The journal abbreviations should contain dot(s).

Comments on the Quality of English Language

Revision of a native English scientist is mandatory.

Author Response

Dear reviewers:

Thanks a lot for your comments to our manuscript titled “Applications of Cyclodextrin-based Drug Delivery Systems in Inflammation-related Diseases” (pharmaceutics-3452062). Those comments are very valuable and helpful for improving our manuscript. We have studied those comments carefully and revised our manuscript. We hope the revised version meet with approval. Revised portions are marked in red in revised manuscript. We tried our best to improve our manuscript and made some changes in the revised manuscript. These changes will not influence the content and framework of the paper. We did not list these changes but marked in red in the revised paper. We appreciate for editor and reviewers′ warm work earnestly, and hope that the revised manuscript will meet with approval.

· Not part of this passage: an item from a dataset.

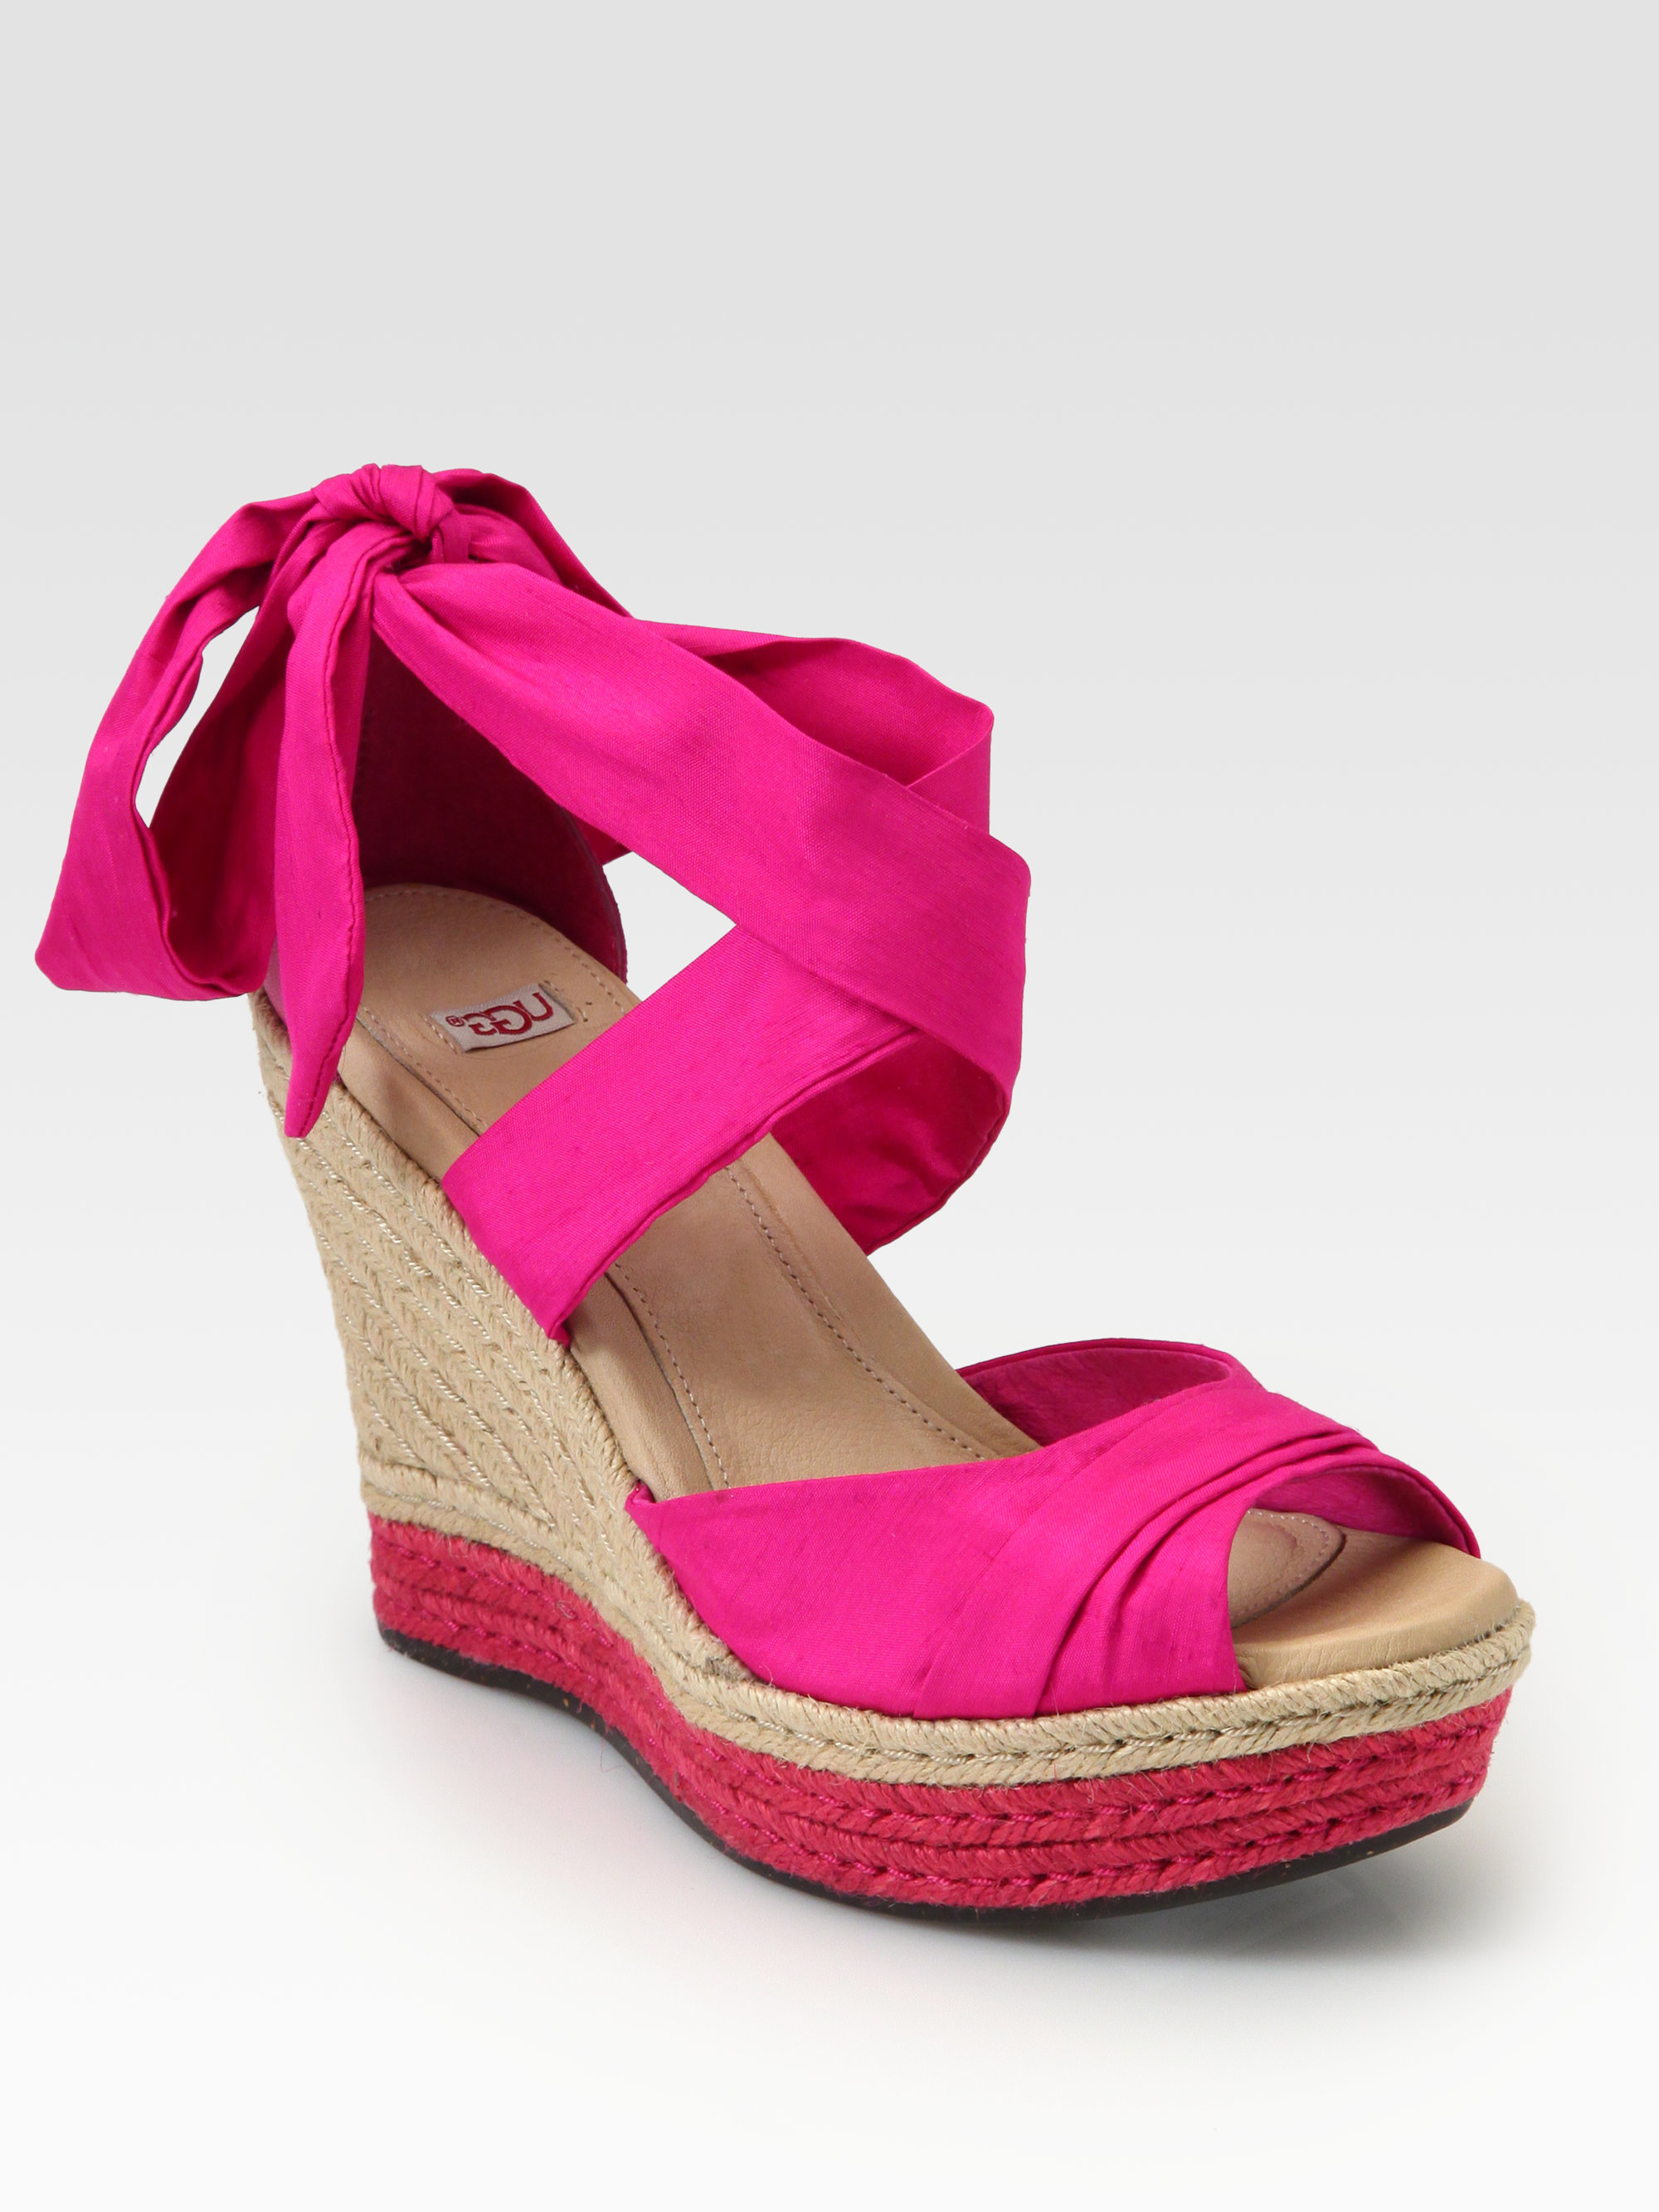 UGG Lucianna Silk Leather Espadrille Wedges in Raspberry Sorbet (Pink) -  Lyst

The responses to the reviewers′ comments are following

 

 

Reviewer #3:

 

Question 1: Although Dai and colleagues provide a commendable review on cyclodextrin-based anti-inflammatory drug delivery, the current version falls well short of publication standards. The manuscript requires extensive revisions because of the repetitive content and poor language, making it challenging for readers to extract essential information, even from the abstract.

 

Answer：

My sincerely appreciated the experts for your  advice. In terms of content, the text has been comprehensively restructured by removing of redundant sections and extraneous material unrelated to the themes. In terms of language, the language has been modified by native-speaking in revised manuscript. We did not list these changes but marked in red in the revised manuscript.

 

 

Question 2: The closing two sentences lack coherence and are especially difficult to comprehend.

 

Answer：

Thank you for your reminder and suggestion. According to your suggestion, we have rewritten the "Conclusion" of the manuscript, the changed part has been marked in red. The changes were followed.

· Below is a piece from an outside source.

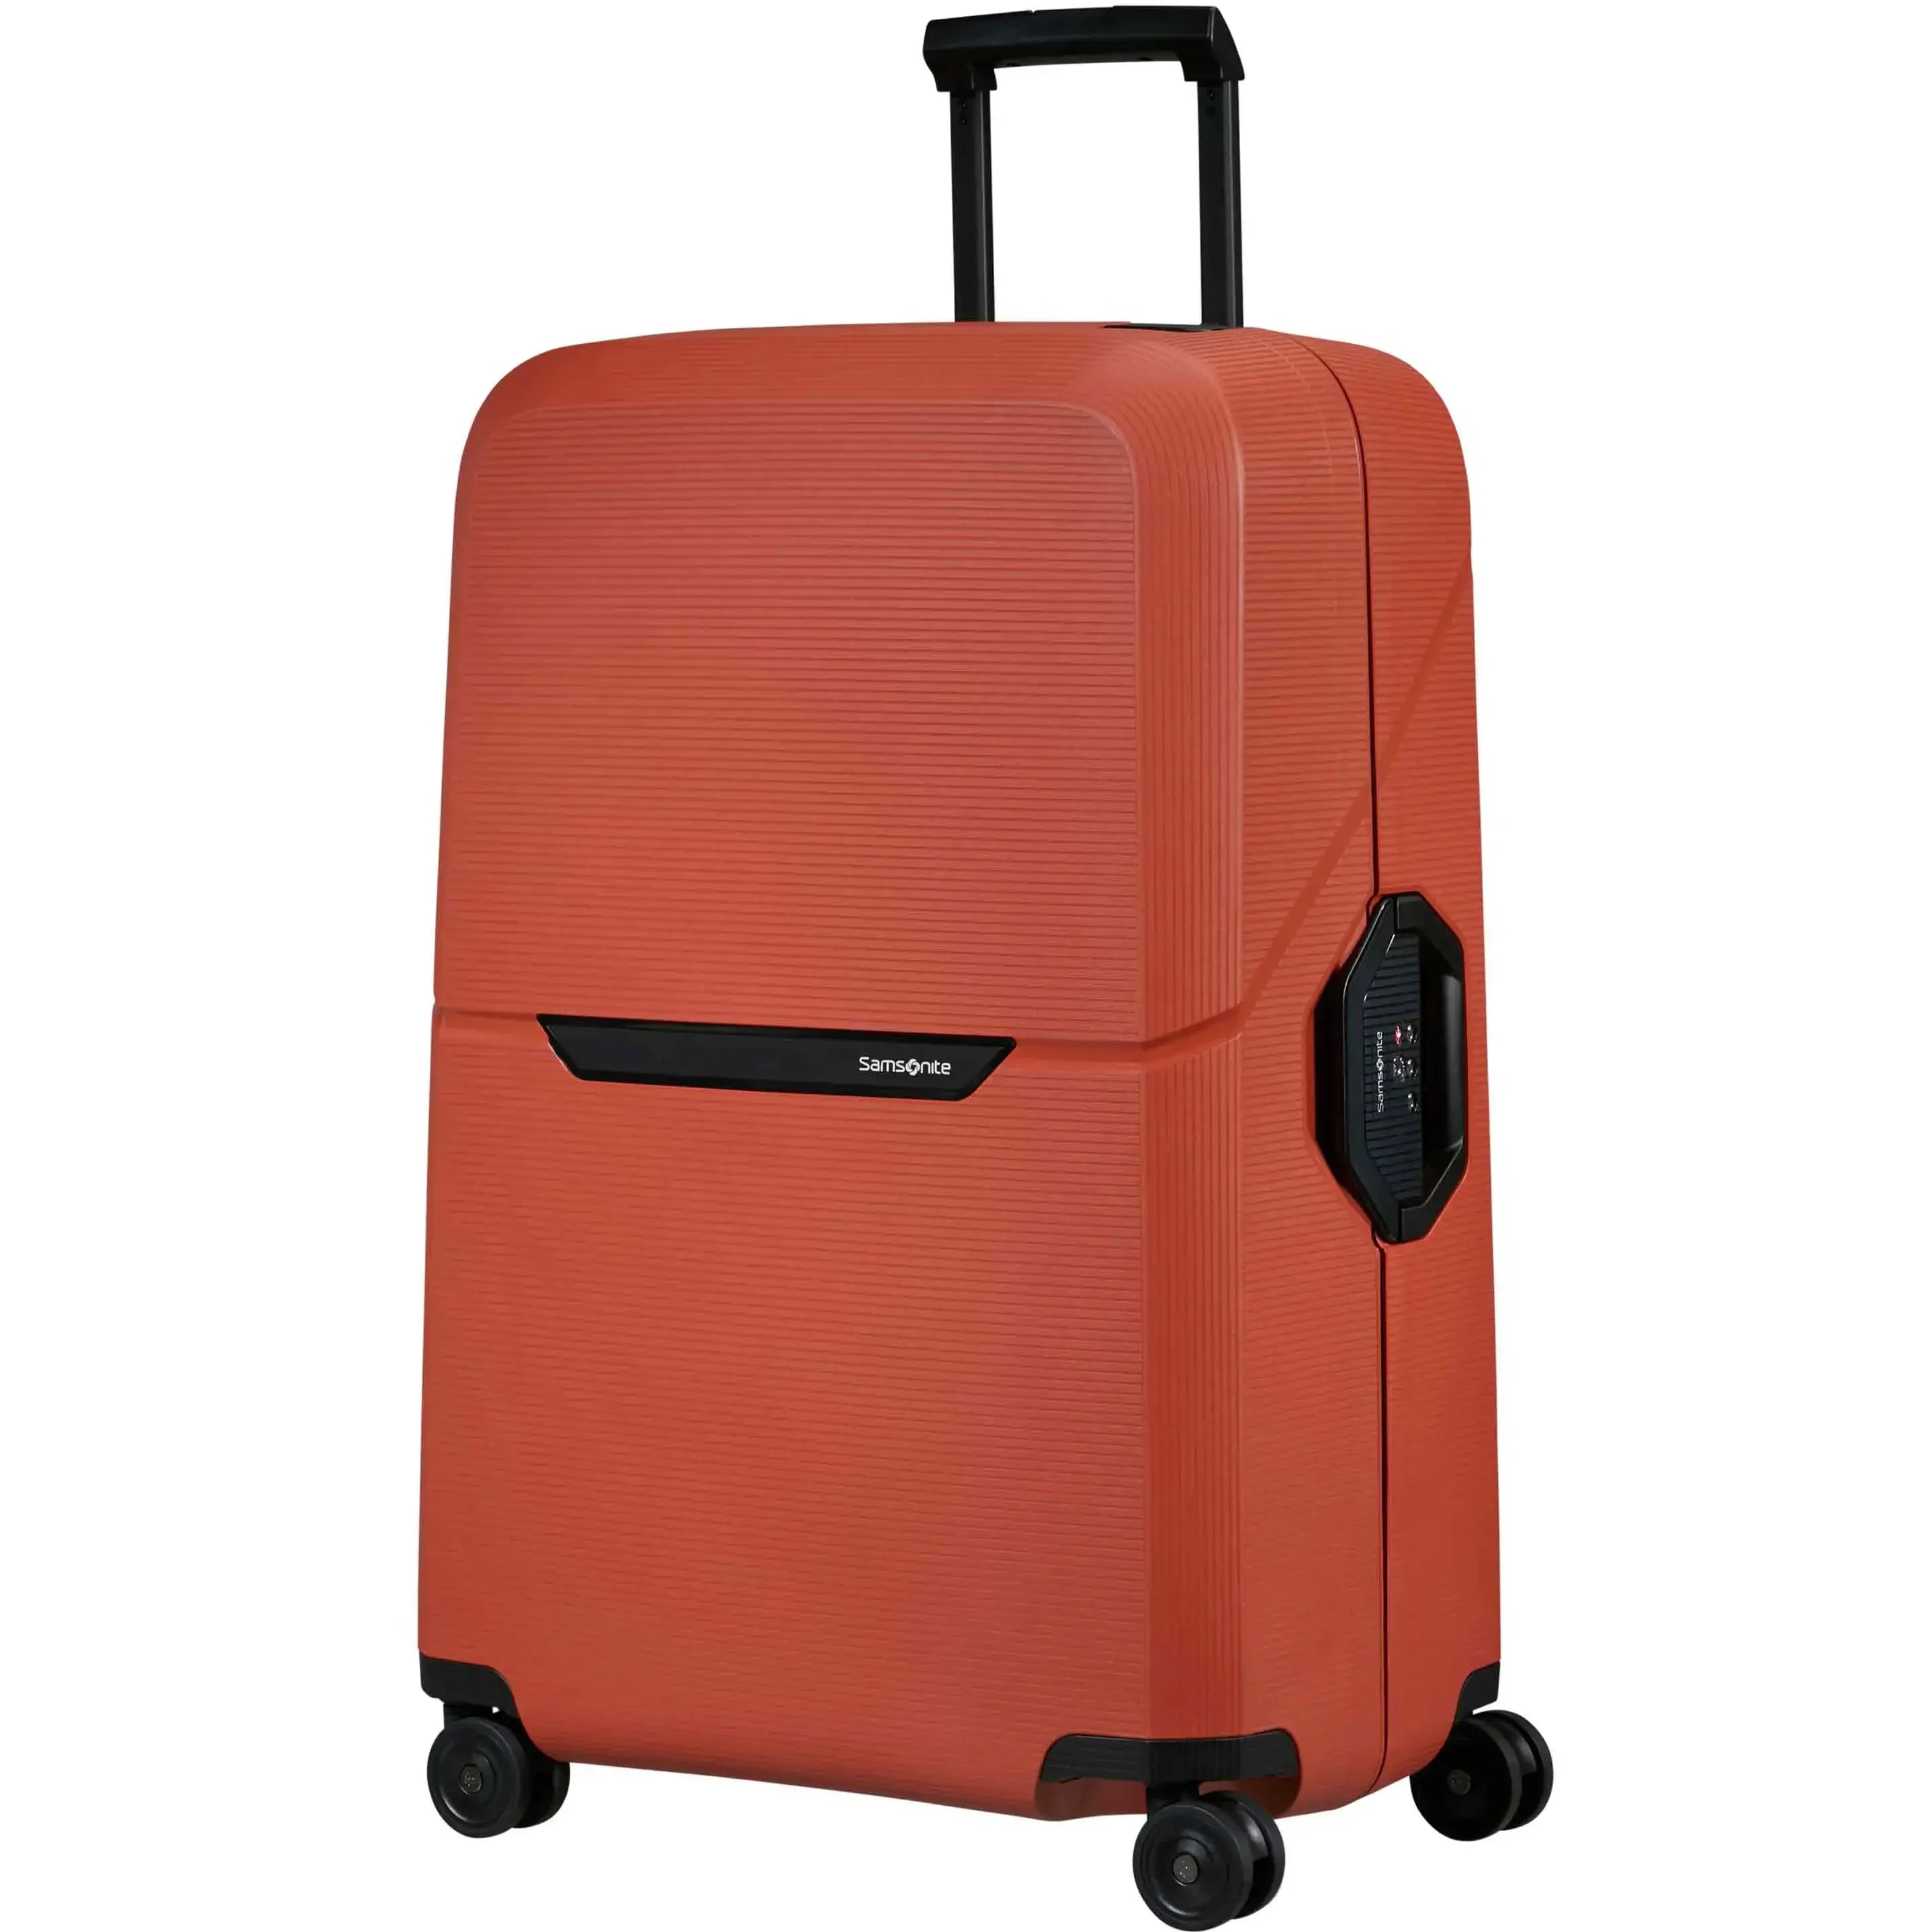 The perfect solution for trolleys Page all 2 requirements - – from Samsonite

“In short, cyclodextrin-based nano delivery systems have garnered significant attention in the field of smart drug delivery owing to their capacity to enhance drug bioavailability, enable site-specific targeted accumulation, prolong systemic circulation duration, facilitate synergistic therapeutic outcomes, and exhibit superior biocompatibility profiles. Although cyclodextrin-based drug delivery systems demonstrate considerable potential advantages in therapeutic applications, current evaluation methodologies for these systems remain predominantly based on preclinical-stage experimental models, encompassing both in vitro analyses and animal-based in vivo studies, rather than comprehensive clinical validation. Translating these studies into the clinic remains a multi-dimensional challenge. At the biological level, interspecies variations in pharmacodynamics/pharmacokinetics make it difficult for extrapolating experimental data to clinical contexts. Notably, the differences in immunogenicity and metabolic enzyme expression patterns between rodents and humans may significantly affect targeting efficiency and toxicity thresholds. In addition, most of the existing studies focus on acute toxicity and lack systematic studies on the potential risk of CDs accumulation in vivo, and long-term biosafety issues need to focus on the potential interference of CDs on lipid metabolic pathways, especially the metabolic disorders that may be caused by the competitive binding of CDs to cholesterol in cell membranes. From a technical perspective, key challenges persist in optimizing encapsulation efficiency and stability, achieving sterilization process compatibility, and establishing standardized quality control protocols for large-scale production. Additionally, developing robust evaluation methodologies for in vitro-in vivo correlation assessment of complex drug delivery systems requires further scientific advancement.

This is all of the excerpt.